(da Ameglia Informa di agosto 2021)
Il 21 luglio di cento anni fa, era un giovedì, si svolsero i fatti di Sarzana, avvenimenti così noti che basta un veloce sommario per descriverli.
All’alba di quel giorno la cittadina fu assaltata da squadre fasciste convergenti da più località per liberare Renzo Ricci detenuto nella fortezza di Firmafede dopo essere stato arrestato per precedenti scontri. Coordinava l’attacco Amerigo Dumini. Sono due nomi famosi: questo guidava la squadraccia che rapì ed uccise Matteotti; quello fu un importante dirigente del Partito Fascista e poi comandante della Guardia Nazionale Repubblicana al tempo di Salò.
Qua basta dire che l’assalto a Sarzana fu sventato e i fascisti dispersi, l’unico caso con Parma in tutt’Italia in cui le squadre nere furono respinte.
La cosa riuscì per il concorso di più fattori: la decisa opposizione popolare; la resistenza degli Arditi del Popolo, un’organizzazione di difesa delle molte sinistre una volta tanto unite e non divise; l’azione di forte contrasto attuata dalla forza pubblica costituita da carabinieri, poliziotti e militari.
A guidare questo gruppo era il capitano dei Carabinieri Guido Jurgens. Arrivato a Sarzana proprio il giorno precedente i tragici fatti, respinse decisamente le proposte di Dumini che chiedeva la scarcerazione di Ricci. Quando poi iniziò lo scontro, non esitò a guidare la sua truppa contro i fascisti che furono dispersi: per la loro azione e per la reazione popolare.
Si sparò e caddero vittime fra gli assalitori, ma quello era un tempo che non si andava per il sottile né si poteva pretendere che chi doveva garantire l’ordine assumesse atteggiamenti diversi. A quel tempo lacrimogeni, scudi e manganelli erano dotazioni inimmaginabili. Sono cose ben conosciute ed altrettanto bene si sa come andò a finire tutta la storia.
Lo Jurgens, non serve dirlo, non fece una grande carriera, anzi. Subito trasferito a Genova, fu posto in aspettativa e praticamente non riprese più servizio fino a quando nel ’32 non fu definitivamente rimosso dall’Esercito per trasferirsi nella Capitale.

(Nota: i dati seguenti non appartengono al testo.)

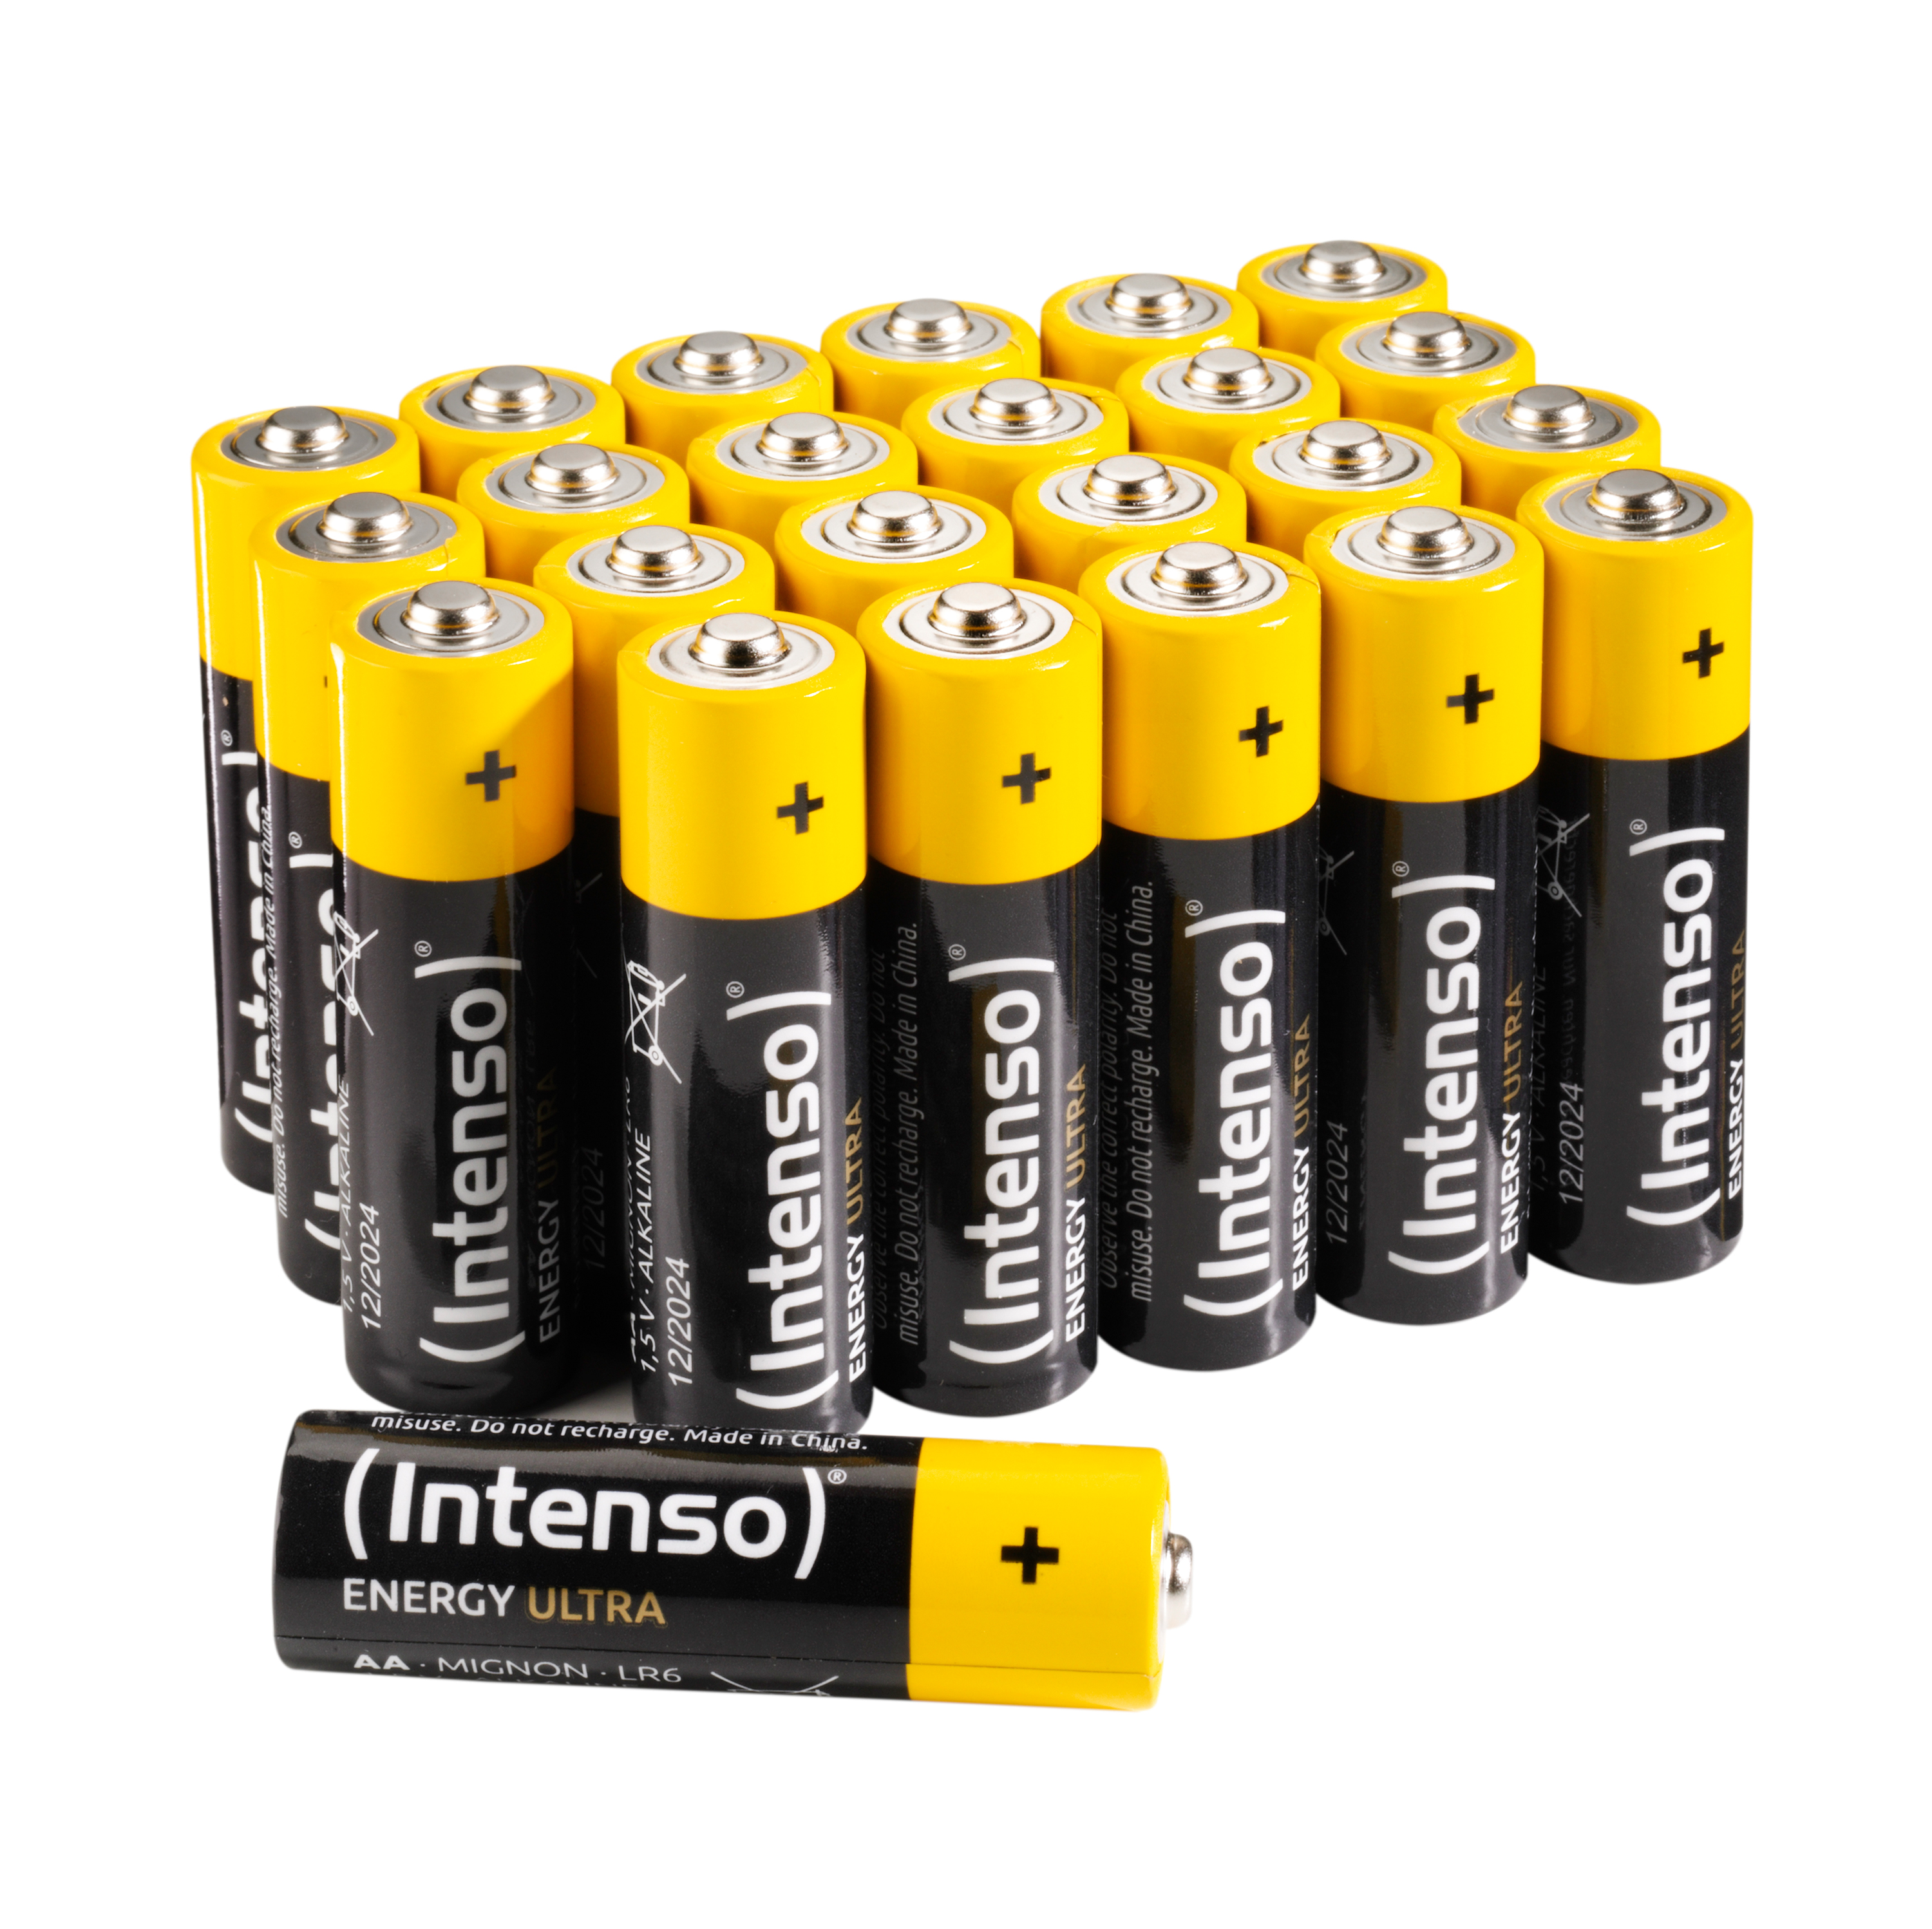 INTENSO Energy Ultra Alkaline Pack Manganese LR6 (Quecksilberfrei), Batterie Mignon 24er AA, LR6, AA

Non è documentato con certezza ma qua forse prese parte agli scontri contro i tedeschi avvenuti a Roma dopo l’8 settembre 1943 presso Porta San Paolo. È sicuro, invece, che collaborò con alcuni aderenti al Partito Fascista che non condividevano per nulla la politica attuata dal regime contro gli Ebrei, specie dopo l’inasprimento seguito all’occupazione tedesca.
Il 16 ottobre cominciò nella Capitale la razzia degli Ebrei romani (sopra la lapide commemorativa). Chi non era stato catturato, cercava disperatamente un rifugio: presso gli amici, nei conventi che aprirono generosamente le porte, anche nel palazzo che stava costruendo il conte Romolo Vaselli, un costruttore che aveva fatto fortuna con il fascismo, di cui però non condivideva le leggi razziali. L’ex capitano Jurgens gli diede una grossa mano organizzando una rigorosa sorveglianza in quel condominio che nascondeva una cinquantina di ebrei: una ulteriore occasione in cui si manifestò la sensibilità democratica vista vent’anni prima a Sarzana.